This article deals with Text Data Processing using SAP Business Objects Data Services with the intension of Text Analytics. SAP BODS provides a single ETL platform for both Structured and Unstructured data as well as Data Quality, Data Profiling and Data Cleansing functionalities.Entity Extraction transform available as a part of Text Data Processing of Data Services, helps to extract entities, entity relationships and facts from unstructured data for downstream analytics. The transform performs linguistic processing on content by using semantic and syntactic knowledge of words, to identify paragraphs, sentences, clauses, entities and facts from textual information.
This transform provides a user friendly GUI inteface, having three tabs namely Input, Options and Output. The transform accepts textual format such as a text, HTML, or XML. We need to specify explicitly the language for processing the text content. Entity extraction is performed with the help of in-built SYSTEM source or user defined DICTIONARY or RULE to filter specific entities as output.

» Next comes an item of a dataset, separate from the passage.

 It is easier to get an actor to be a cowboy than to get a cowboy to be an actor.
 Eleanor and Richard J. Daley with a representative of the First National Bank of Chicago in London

Lets see the basic feature of this transform using a small example. Later we will manipulate the entity extraction further using Dictionary and Rule.
Next take a look at the default fields created for the file format. Four fields have been generated automatically namely FileName, LastModified, Data and IsText. Here the FileName field will extract the absolute file names to be processed in the Data Files directory.The Data field will actually extract the entire content of the file as long format.Next in the dataflow, place a Base_EntityExtraction transform of Data Services, after the unstructured file format. Link the transform with the file format.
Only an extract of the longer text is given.